The importance of the study is not only the analysis of the causes and consequences of the attacks on the dolphins. Its main objective is to demonstrate that once identified, contingency measures can be established in one of the most ecologically and environmentally important enclaves for the common dolphin, especially as it is a breeding and development area for juveniles of the species that, in the early stages of their life, find it difficult to go out to the Strait area with their given mothers the strong prevailing currents.
The research proposal is to create a “visible, localized and respected sanctuary”, according to García Gómez, where there is a higher concentration of dolphins and where the causes of injuries are avoided and reproduction is favored , new births and calf care
In an article published in Science Direct , scientists Jean Jacques Maguire, Serge Garcia and Ray Hilborn admit the role of marine reserves as a good tool for the management and conservation of biodiversity, but warn that are not the panacea to problems.
The sanctuary can be an effective solution in the bay of Algeciras that it is difficult to imagine that anyone could oppose. We have to get involved with these animals José Carlos García Gómez, Professor of Marine Biology at the University of Seville
García Gómez shares that conclusion, but clarifies that, in this case, it can be an effective solution in the bay of Algeciras to which "it is difficult to imagine that anyone can oppose". "We have to get involved with these animals," he concludes in defense of his proposal, which includes protocols for approaching regulated vessels to avoid stress to dolphins as much as possible.
The problem does not only affect the Strait area, although it may be of special global importance.
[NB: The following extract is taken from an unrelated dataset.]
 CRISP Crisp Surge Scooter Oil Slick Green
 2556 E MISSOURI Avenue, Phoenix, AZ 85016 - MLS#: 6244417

A study by Ali Ross and Stephen Isaac for Greenpeace estimated that more than 10,000 cetaceans are accidentally caught off Europe's Atlantic coasts. Another one, published in Plos One , on the accidental capture of dolphins, concluded that this cause of mortality will mean, if it is maintained at current levels, the population reduction of the common dolphin by 20% in 30 years and the probable extinction in 100 years
Sharks and rays
Nor is it an exclusive problem of this species. A recent study in Nature estimates that the population of sharks and rays in the oceans has decreased by 71% since 1970, mainly due to overfishing. "The Window to save these iconic creatures is too small," lead study author Nick Dulvy, a marine biologist at the Canadian University Simon Fraser, told The New York Times . More than three-quarters of the shark and ray population are threatened with extinction
Scientists highlight how conservation measures work when applied correctly and call on governments to adopt them and set catch limits accordingly of scientific criteria.
The same work warns of the importance of avoiding accidental catches. "Even if they stop commercial fishing of sharks, their numbers continue to fall for this involuntary fishing" advierten.